It’s surprising, frustrating, and disappointing when our strengths, (“I’m so organized;” “I’m very decisive”), turn out to be our weaknesses (“He’s so compulsive!” “She’s so dictatorial!”). Do any of the following apply to you?
Career lesson #1: No one likes the smartest kid in the room if the smartest kid makes other kids look dumb.
When you’re launching your career it’s important to establish yourself as someone who is quick, bright, and eager to get the job done right. After you’ve gotten some experience under your belt, your employer and colleagues expect you to be a team player and individual contributor. As you continue to progress you’ll be asked to manage and mentor others. To be successful, you’ll need to shift your focus from being center stage to showcasing the talent of those you lead. Encourage them, reinforce their achievements, and give them the visibility they need to progress in their own right. Bottom line: The smartest kid in the class is the one who learns how to maximize the potential in others.
Career Lesson #2: Talk a good game but play a better one.
Talk is cheap. Walk is style. Performance is substance. You’ll need all three to succeed in any job. Bottom line: Under-promise and over-deliver.
Career Lesson #3: If you want to lose time, resources, and profitability, cut first, then measure.
Whether you’re the tinker, tailor, cabinet maker, or the CEO of a major company, you’ll need to access information available to you from sources that can provide it for you. If you don’t or won’t, you’ll squander time, talent and loyalty; qualities you and your company need to survive.
Career Lesson #4: The best communicators work at the intersection of Speaking, Listening, Reflecting, Probing and Responding.
Communication is a process through which information is exchanged. How clearly it is transmitted, how accurately it is translated, how well it is received and effectively responded to, are functions of the communicators involved. Good communication takes time, patience, courage, and compassion.
Career Lesson #5: Leaders manage and managers lead.
In a perfect world, leaders dedicate their time and attention to conceptualizing the vision and mission of their companies. They don’t concern themselves with the obstacles, pitfalls, and blind-spots to success; they leave those details to employees hired to look out for them.
Wake up call: it’s not a perfect world, it’s a real world. Leaders, worthy of the name, pay for it with honesty and integrity. They ask the tough questions and listen to news they’d rather not hear. They make the changes they ought, doing the right things for the right reasons. They accept accountability along with responsibility and learn from experience.
Career Lesson #6: Members of the “Been There Done That” Society need fresh perspectives to survive.
The best employees thrive on challenge, opportunity, and possibility, whether it’s fixing what’s broken, simplifying what’s complex, or creating what’s never been. They need managers who maximize their potential, demand their best and reward their success.

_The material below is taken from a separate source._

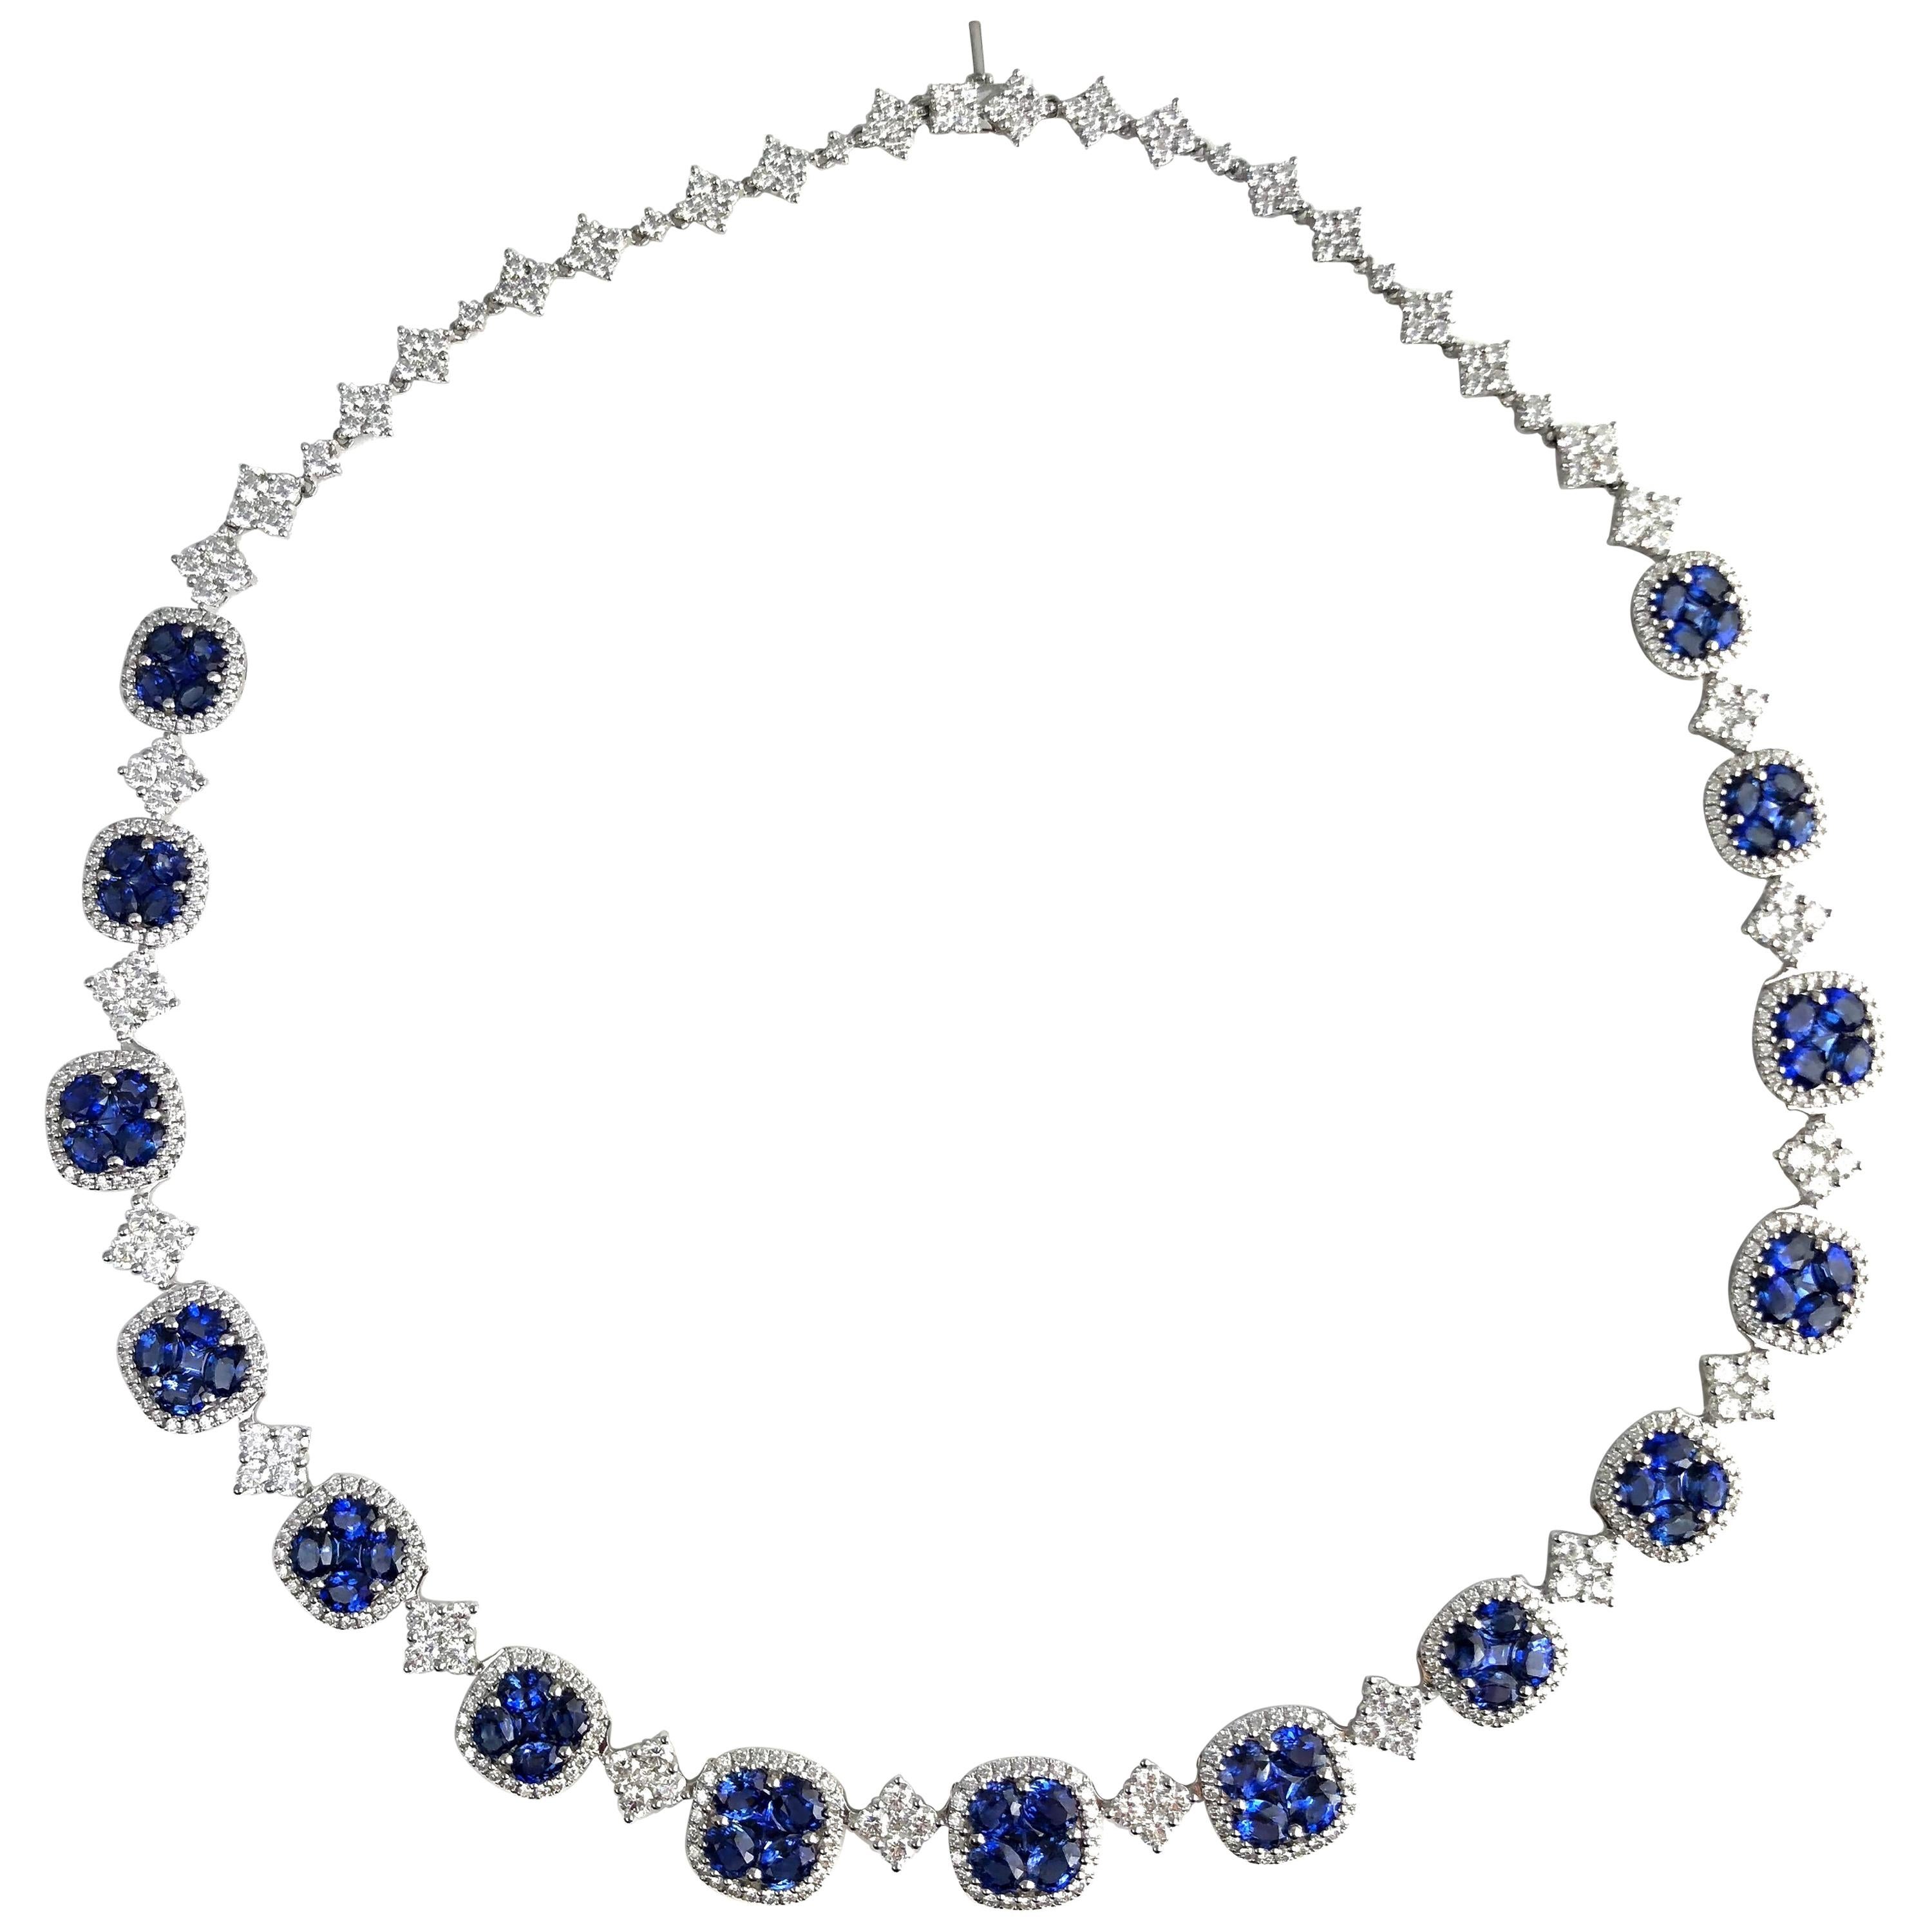 DiamondTown 21.23 Carat Vivid Blue Sapphire and Diamond Necklace

Career Lesson #7: The boss doesn’t fire you, your direct reports do.
Ouch. That’s the zinger that always stings. Managers looking for career longevity aren’t going to make it if they’re playing up to the boss while kicking around their employees. The manager’s job is to be appropriately responsive to all employees, no matter their position or power. The manager’s job is to be accountable to every person, challenging fairly, promoting accordingly. Playing favorites with some while abusing others gets you a ticket to the unemployment line, and that’s something you don’t want to get punched.
Career Lesson # 8: It takes more than a week at the beach to have a balanced life.
If you’re a much different person at home than you are at work, you’re out of balance. If you give much more to your employees than you do to your family, you’re out of balance. If you deprive yourself in service to others, you’re out of balance. Give yourself a break. Give your brain some time to absorb, collate and file the information you dump into it everyday. Give yourself time to separate what’s important from what’s making the most noise.
The most successful people plan for tomorrow by leaving time for today.